§ About this task
Please transcribe exactly, and only, the lines of the data below between the line holding "Ladies Glitter Rhinestone" and the line holding "worksheet Sentence Scramble", inclusive.

§ Input

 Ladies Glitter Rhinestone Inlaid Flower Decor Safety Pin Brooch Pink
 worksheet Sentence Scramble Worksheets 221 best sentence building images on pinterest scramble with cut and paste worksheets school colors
* * *
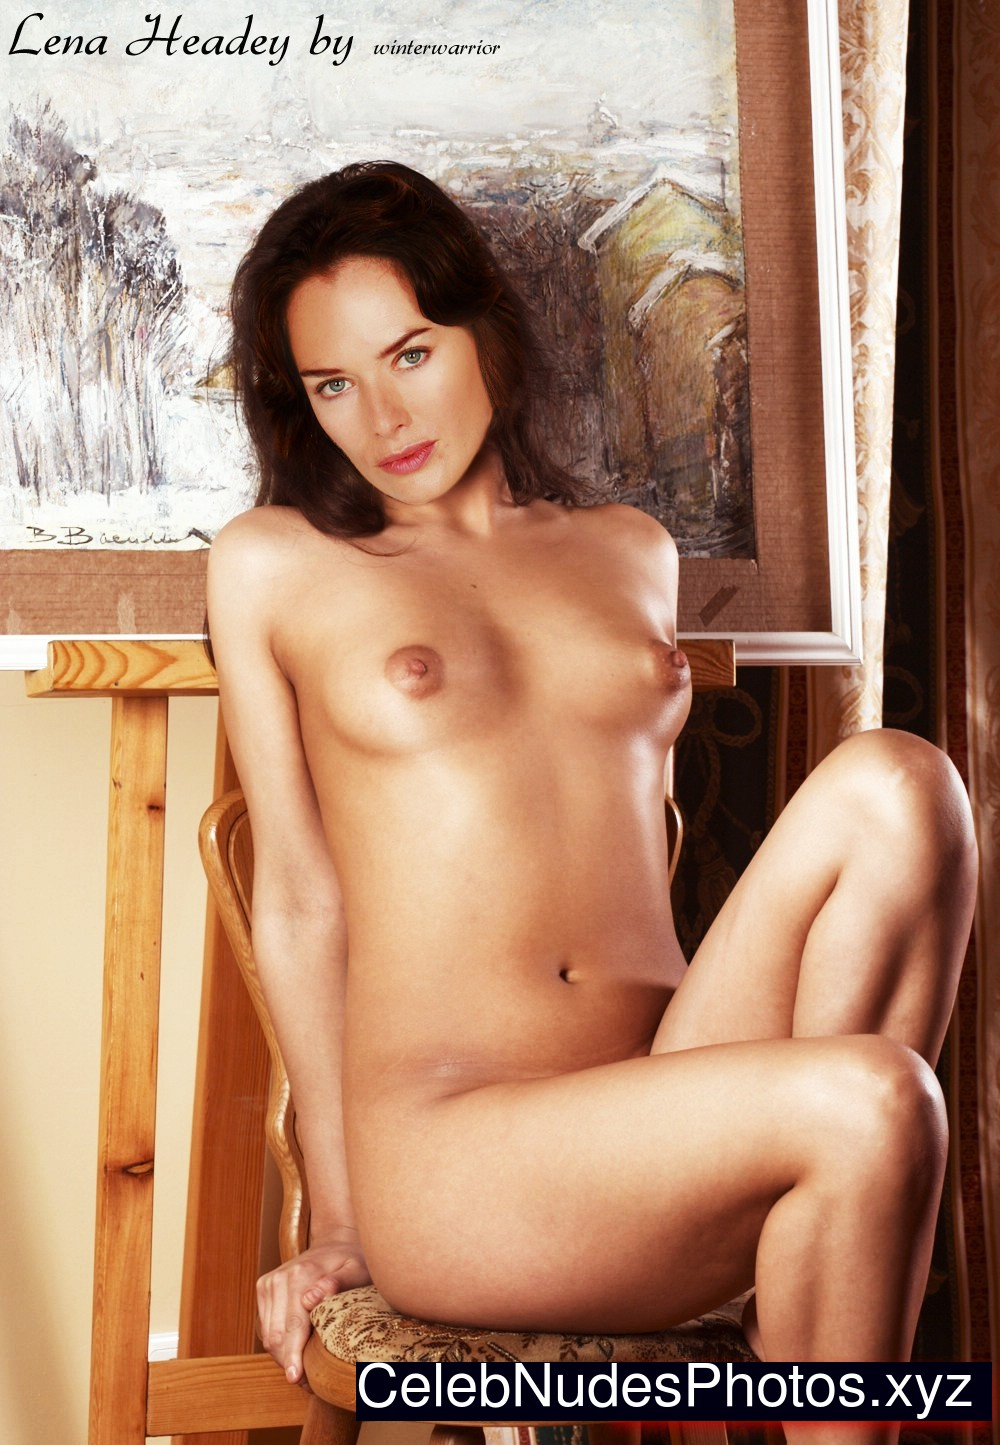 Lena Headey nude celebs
==
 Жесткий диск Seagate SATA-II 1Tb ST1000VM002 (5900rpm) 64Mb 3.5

§ Written response
 Ladies Glitter Rhinestone Inlaid Flower Decor Safety Pin Brooch Pink
 worksheet Sentence Scramble Worksheets 221 best sentence building images on pinterest scramble with cut and paste worksheets school colors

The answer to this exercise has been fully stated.